JP6931497B2 - Underwater exploration equipment and topographic exploration system - Google Patents

Description

The present invention relates to a technique for bottom exploration using a fish finder.

In the current exploration of the topographical shape of the bottom of water such as the sea, lakes and ponds (hereinafter sometimes referred to as bottom exploration), ultrasonic sensors are mounted on ships such as water boats for rowing or screwing. The ultrasonic sensor is being explored while being moved using the above as a propulsive force (Patent Document 1).

Further, Patent Document 2 aims to provide a fish finder capable of measuring a highly accurate water depth value, and the water depth value (from the sea surface to the sea floor) measured by the fish finder by the previous emission wave of ultrasonic waves. A configuration for storing the distance to, generally the distance from the water surface to the bottom of the water) is disclosed.

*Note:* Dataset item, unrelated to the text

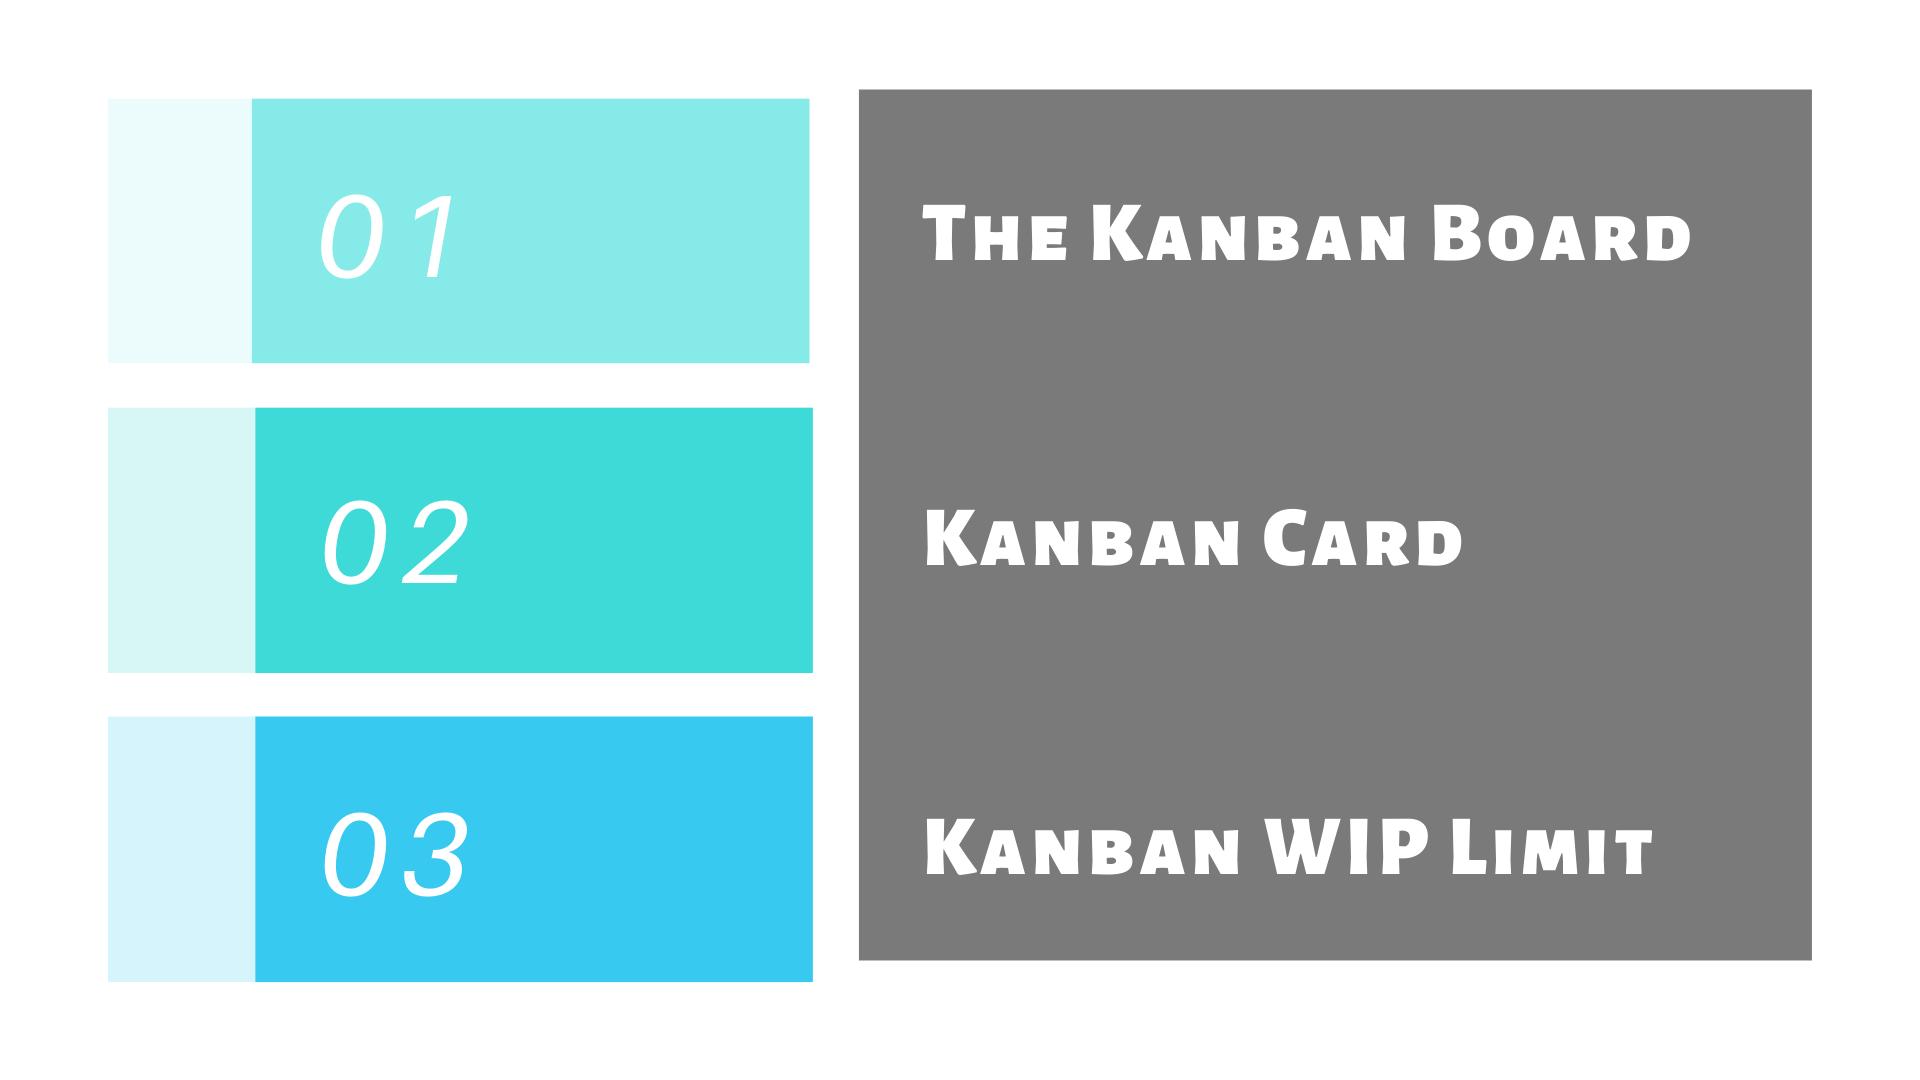 Components of Kanban

Japanese Unexamined Patent Publication No. 2002-250766 Japanese Unexamined Patent Publication No. 08-029530

However, when a fish finder is used to search the bottom of the water, the fish finder is mounted on a ship or towed to emit ultrasonic waves into the water at regular intervals in a nearly vertical direction from an object in the water. It is necessary to receive the reflected wave of. In other words, the fishfinder can be said to be a sensor that emits sound waves in a predetermined direction and receives the reflected waves. In addition, as the ship moves, it receives the resistance of water and causes irregular behavior on the ship, or waves are generated on the water surface and are affected by it.
Therefore, when a sensor that functions as a fish finder is used for underwater exploration, it is difficult to emit ultrasonic waves into the water at regular intervals in a nearly vertical direction, and the exploration accuracy in underwater exploration is significantly reduced. be.

In addition, even if the moving speed of the ship is limited to a speed that can suppress the generation of waves, the work cost increases because the equipment and personnel are large and the mobility is reduced in the water bottom exploration using the ship. There is a problem of doing it.

The present invention provides a water bottom exploration device capable of improving the exploration accuracy of water bottom exploration using a sensor that emits sound waves in a predetermined direction and receives the reflected waves, such as a fish finder. Is the main purpose. In addition, a topographical exploration system having this is provided.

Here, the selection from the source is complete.